You can just map all the elements with their occurrence count when the substring exists in the word.

dictionary.map {|w| [w,word.scan(w).size] if word.include?(w)}.compact.to_h

Answer 2

You can use scan to count of how many times each substring appears.

def substrings(word, array)
  output = {}
  array.each do |index|
     count_substring_appears = word.scan(index).size
     if count_substring_appears > 0
       output[index] = count_substring_appears
     end
  end

  output
end

Answer 3

Only the words "go", "going" and "i" from your dictionary are substrings of your phrase. Each of these words occurs only once in the dictionary. So new_array contains ["go", "going", "i"] which exactly {"go"=>1, "going"=>1, "i"=>1} .

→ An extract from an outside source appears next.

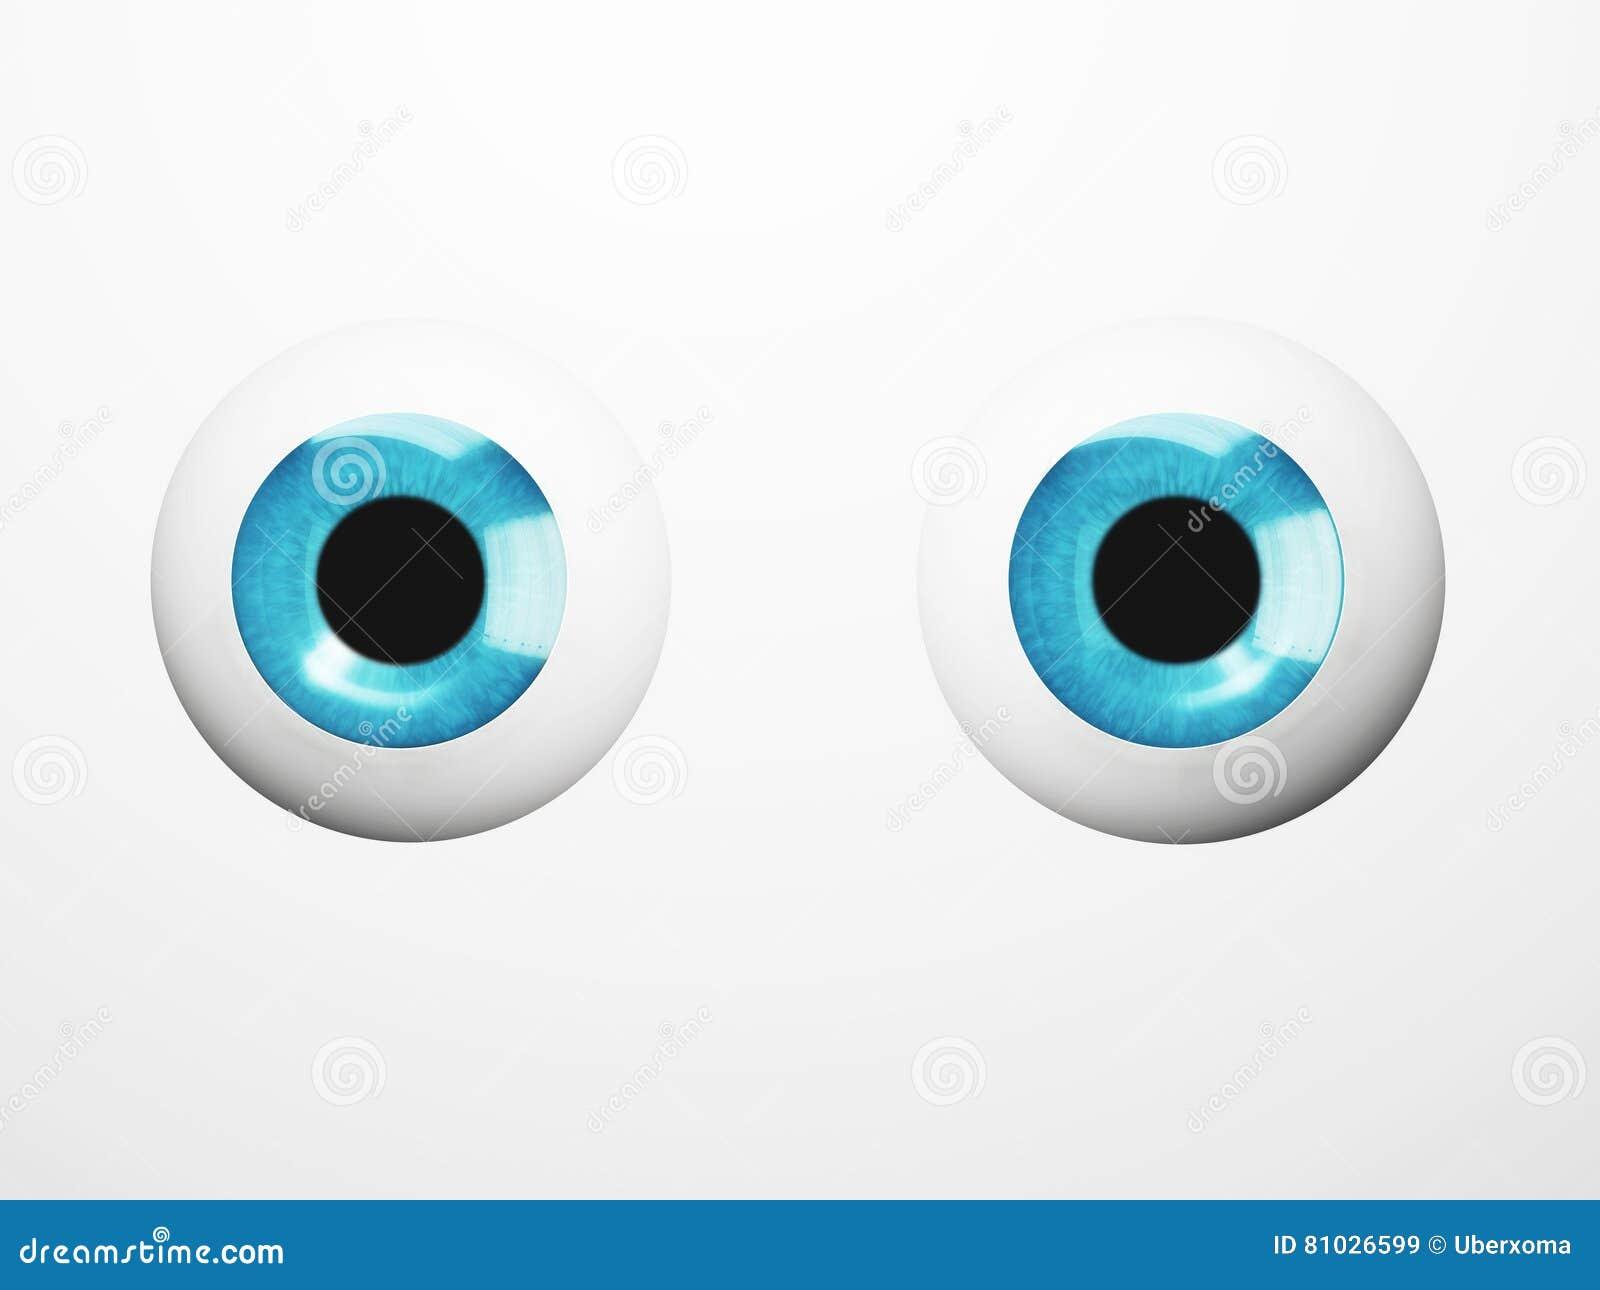 blue eye monitoring

I assume you expected go to be twice because it is twice in your phrase. In this case you can change your method to

def substrings(word, array) 
  new_array = []
  array.each do |index| 
    word.scan(/#{index}/).each { new_array << index }
  end
  puts new_array.tally
end

word.scan(/#{index}/) returns each occurrence of substring in your phrase.

Answer 4

You must count the number of times a string appears in index, so use scan :

def substrings(word, array) 

  hash = {}

  array.each do |index| 
    if word.downcase.include? (index)
      new_hash = {index => word.scan(/#{index}/).length}; 
      hash.merge!(new_hash) 
    end
  end

  puts hash 

end

Answer 5

If it my understanding that we are given an array dictionary of words containing no whitespace, and a string str , and are to construct a hash whose keys are elements of dictionary and whose values equal the number of non-overlapping ¹ substrings of str for which the key is a substring. The hash returned should exclude keys having values of zero.

This answer addresses the situation where, in:

substrings(str, dictionary)

dictionary is large, str is not overly-large (the meaning of which I elaborate later) and efficiency is important.

We begin by defining a helper method, whose purpose will become clear.

def substr_counts(str)
  str.split.each_with_object(Hash.new(0)) do |word,h|
    (1..word.size).each do |sub_len|
      (0..word.size-sub_len).each do |start_idx|
        h[word[start_idx,sub_len]] += 1
      end
    end
  end
end       

For the example given in the question,

substr_counts("go going")
  #=> {"g"=>3, "o"=>2, "go"=>2, "i"=>1, "n"=>1, "oi"=>1, "in"=>1, "ng"=>1,
  #    "goi"=>1, "oin"=>1, "ing"=>1, "goin"=>1, "oing"=>1, "going"=>1}

As seen, this method breaks str into words, computes each substring of each word and returns a hash whose keys are the substrings and whose values are the total numbers of non-overlapping substrings in all words that contain that substring.

The desired hash can now be constructed quickly.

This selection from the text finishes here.